Op 12 mei 2022 heeft de Rechtbank Amsterdam uitspraak gedaan in een zaak betreffende de overlevering van een opgeëiste persoon op basis van een Europees aanhoudingsbevel (EAB) dat is uitgevaardigd door het Amtsgericht Hof in Duitsland. De vordering tot overlevering werd ingediend door de officier van justitie op 17 februari 2022. De opgeëiste persoon, geboren in Irak in 1992, wordt verdacht van betrokkenheid bij strafbare feiten, waaronder het tot ontploffing brengen van een geldautomaat op 27 augustus 2020 in Duitsland. De rechtbank heeft vastgesteld dat de identiteit van de opgeëiste persoon juist is en dat hij de Nederlandse nationaliteit heeft.
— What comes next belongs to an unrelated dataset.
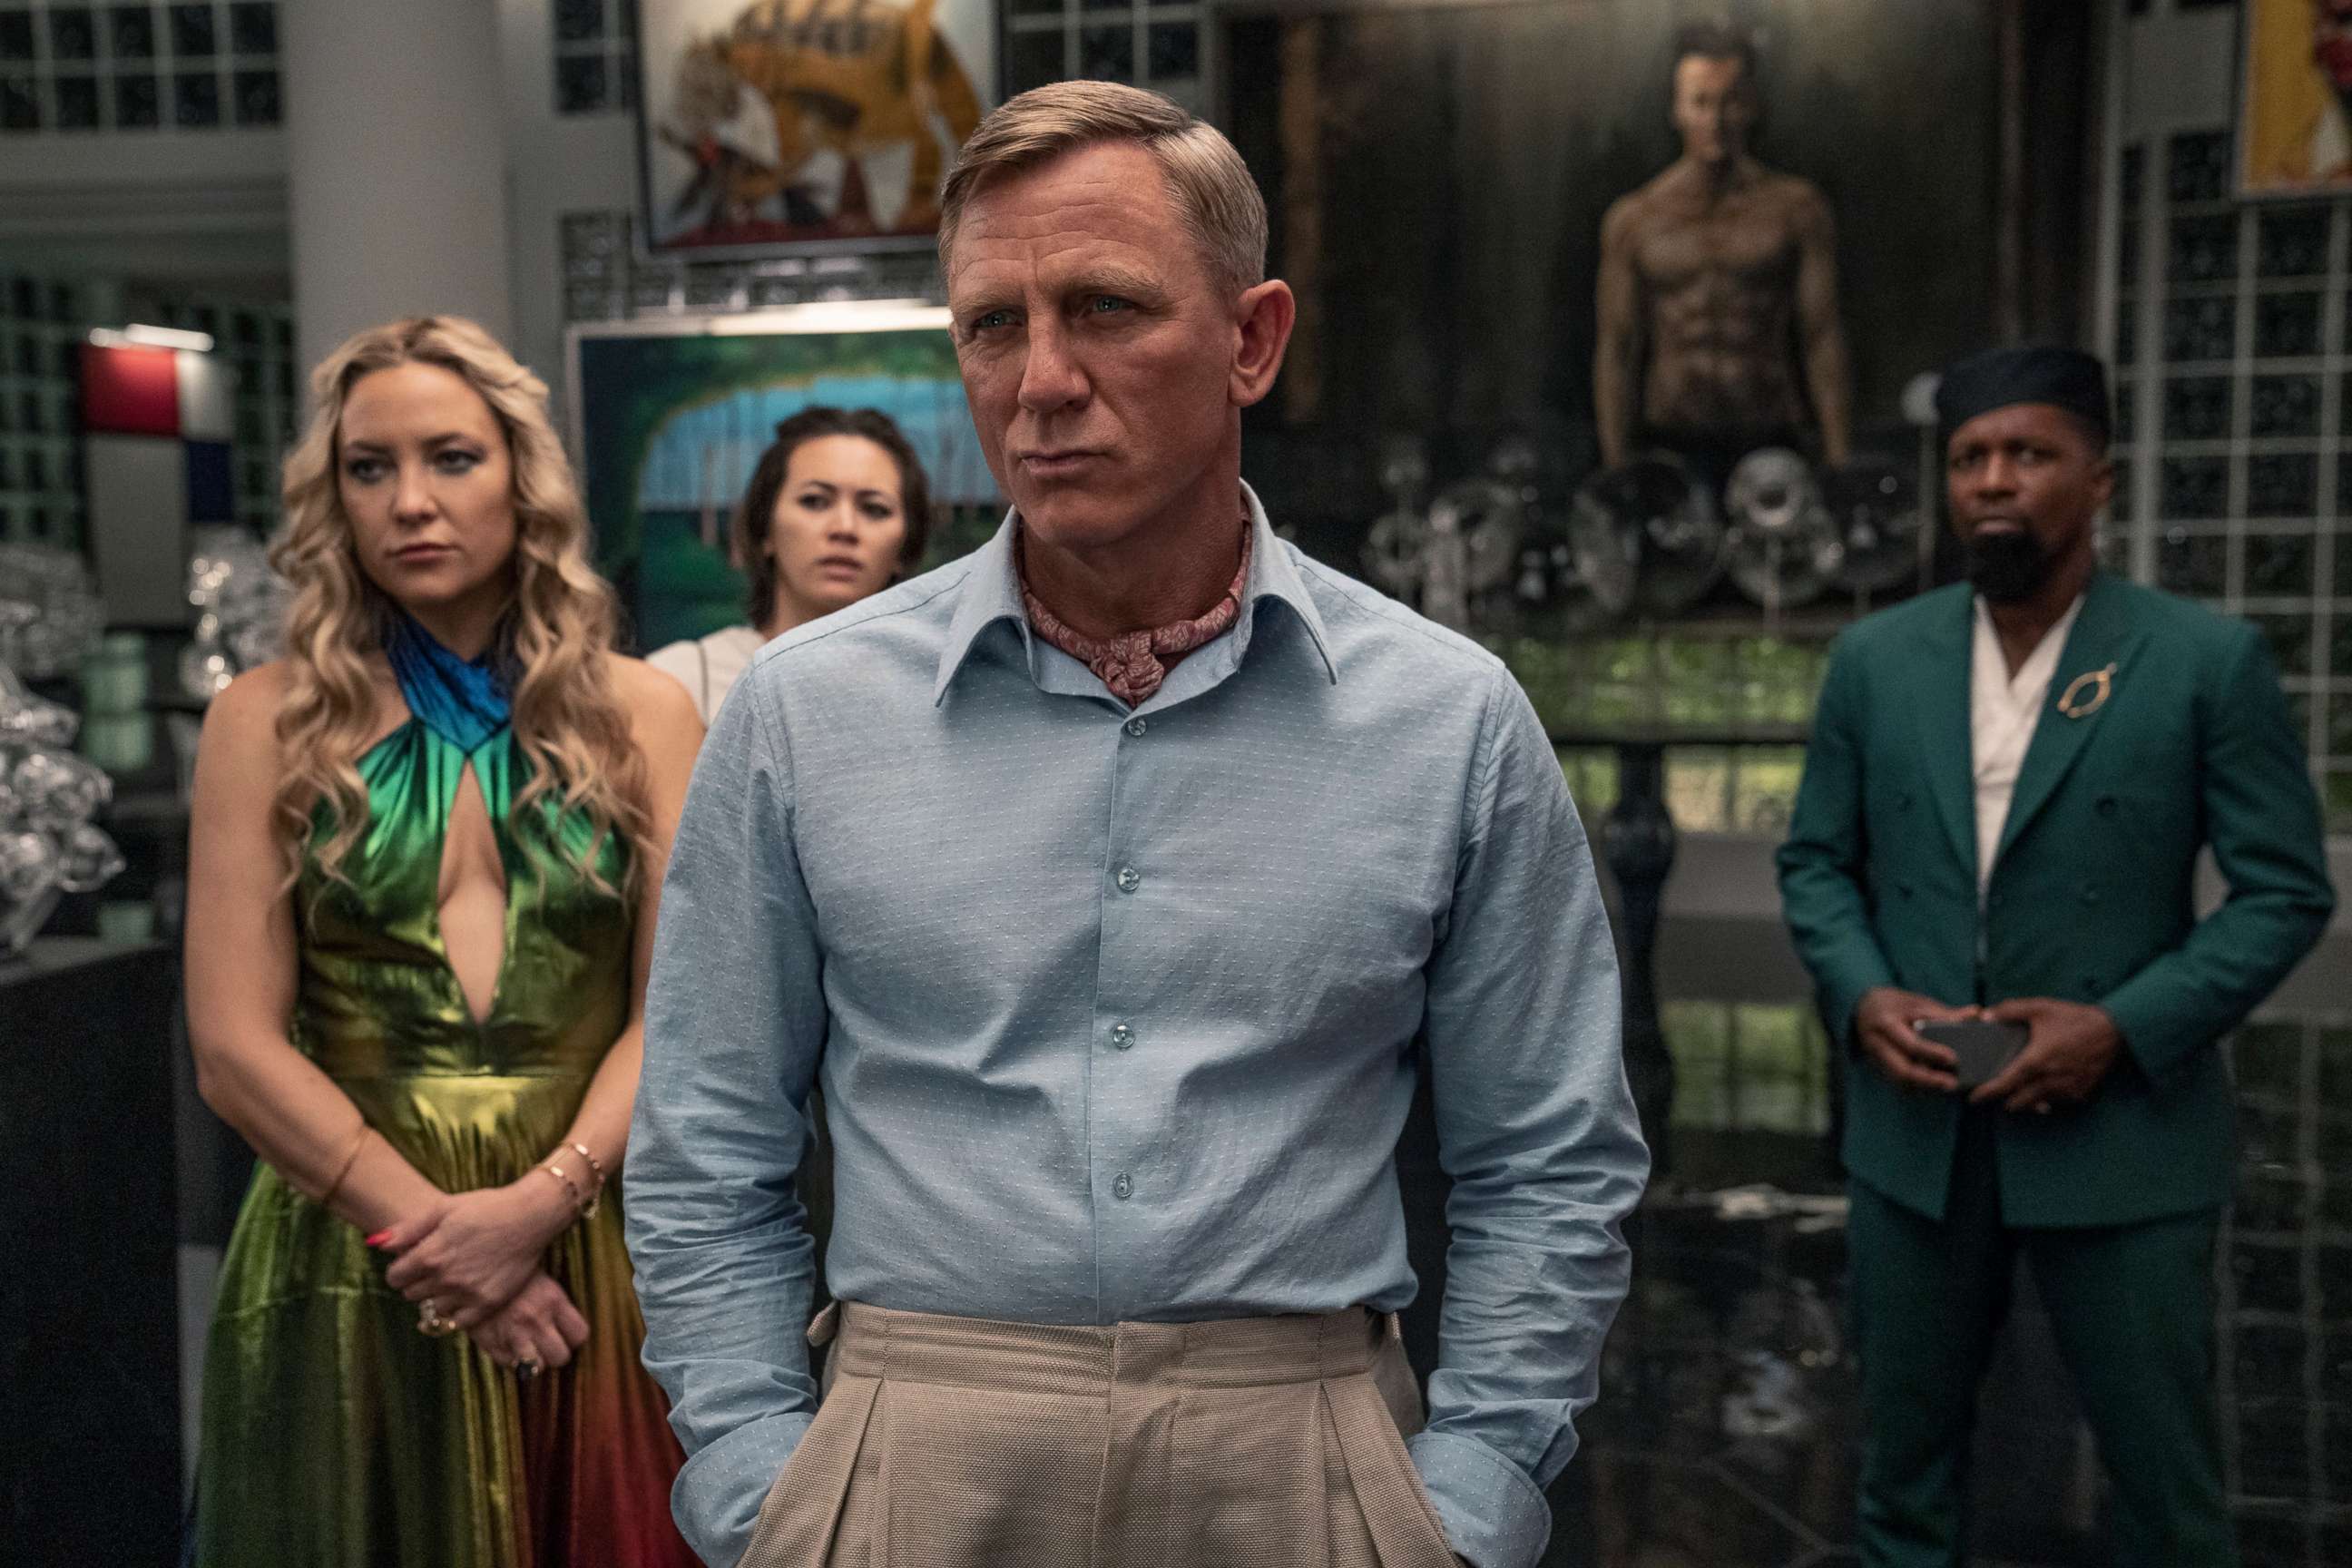 PHOTO: Kate Hudson as Birdie, Jessica Henwick as Peg, Daniel Craig as Detective Benoit Blanc, and Leslie Odom Jr. as Lionel in "Glass Onion: A Knives Out Mystery," 2022.

De raadsvrouw van de opgeëiste persoon heeft betoogd dat de overlevering deels moet worden geweigerd, omdat het EAB onvoldoende informatie bevat over het tijdstip, de plaats en de mate van betrokkenheid van de opgeëiste persoon bij de feiten. De officier van justitie daarentegen heeft gesteld dat het EAB voldoende informatie biedt om de overlevering te rechtvaardigen. De rechtbank heeft geoordeeld dat het EAB voldoet aan de eisen van de Overleveringswet (OLW) en dat de beschrijving van de feiten en de betrokkenheid van de opgeëiste persoon voldoende duidelijk is.
De rechtbank heeft ook vastgesteld dat de feiten waarvoor de overlevering wordt verzocht, zijn opgenomen in bijlage 1 van de OLW, en dat er geen weigeringsgronden zijn. De rechtbank heeft de garantie van de Duitse autoriteiten als voldoende beoordeeld, die waarborgt dat de opgeëiste persoon zijn straf in Nederland zal ondergaan. Uiteindelijk heeft de rechtbank de overlevering toegestaan en gelast de teruggave van de borgsom van € 10.000,- aan de opgeëiste persoon, aangezien de overleveringsdetentie niet langer noodzakelijk was. De uitspraak is gedaan door mr. E.G.M.M. van Gessel, voorzitter, en mrs. J.G. Vegter en A.K. Glerum, rechters, in aanwezigheid van griffier mr. D. Gigengack.